As I mentioned, pin 1 of that chip will have a sinewave on it.
 
  • #7
Doesn't anyone make a simple chip for this sort of thing? I've noticed that a common question is about getting a sine wave in the audio or ultrasonic frequency range. There are plenty of chips for digital clocks that could be used to create accurate sine waves in the higher frequency ranges (100's of kHz to 100's of MHz). The answers here tend to be about making one's own generator.

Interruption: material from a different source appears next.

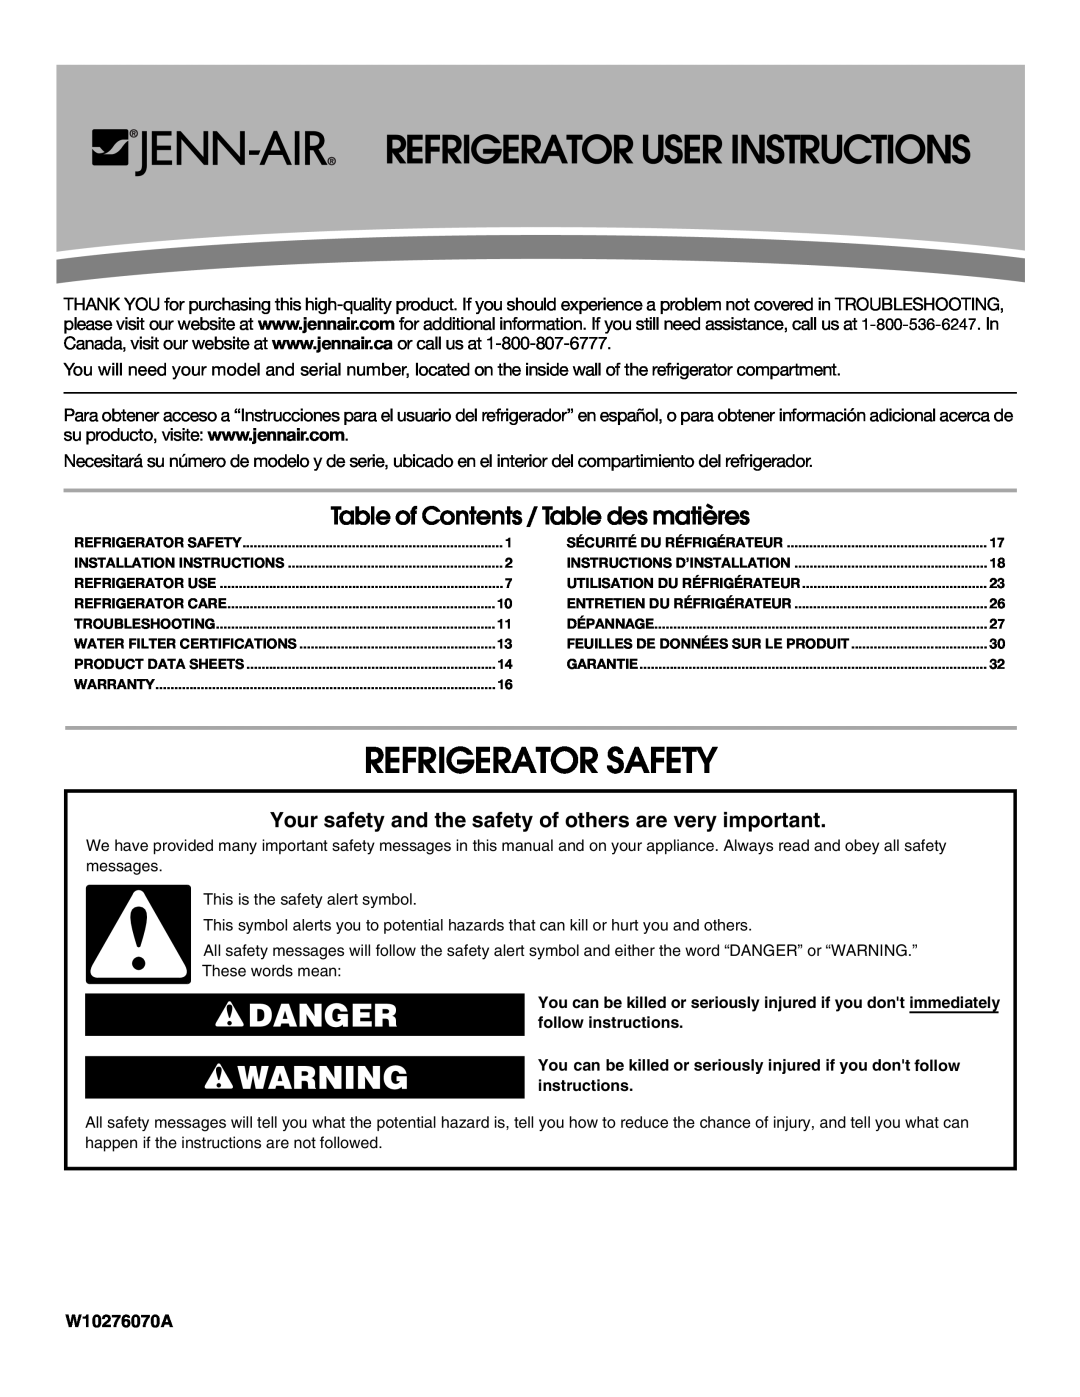 Jenn-Air W10276070A installation instructions Refrigerator Safety, Danger, Table of Contents / Table des matières

Maybe someone should create a start-up company that makes integrated, all-in-one, easily programmable, and accurate sine generators for lower frequencies.
 
  • #8
Doesn't anyone make a simple chip for this sort of thing?

The problem is that there are so many low frequencies!
Users mostly also want variable, ramp or special frequencies, rather than just a few fixed ones as you tend to get at higher ranges.
For mass production these days it is simple (and cheap) to use digital frequency synthesis which is why the 8038 and XR2206 went out of production.
 
  • #9
Studiot said:
For mass production these days it is simple (and cheap) to use digital frequency synthesis which is why the 8038 and XR2206 went out of production.

Yeah, but not everything is about mass production. What about hobbyists and developers? A small breakout board with an output which could be tuned from 10Hz to 100kHz would invaluable. One could design something that could be tuned by adding highly accurate resistors or capacitors.
 
  • #10
Okefenokee said:
Yeah, but not everything is about mass production. What about hobbyists and developers? A small breakout board with an output which could be tuned from 10Hz to 100kHz would invaluable. One could design something that could be tuned by adding highly accurate resistors or capacitors.

But I'm afraid that practically everything IS about mass production. If it weren't for mass production there would be nothing for hobbyists to use (at a price they could afford). You basically have to grin and bear it and build around what's available - you have absolutely Zero consumer clout to make the manufacturers produce stuff especially for you. Just like in the Valve days, aamof.

This is why developers do so much development with simulations and emulations.
 
  • #11
vk6kro said:
Actually he is asking for a sinewave output, vk6kro.

As I mentioned, pin 1 of that chip will have a sinewave on it.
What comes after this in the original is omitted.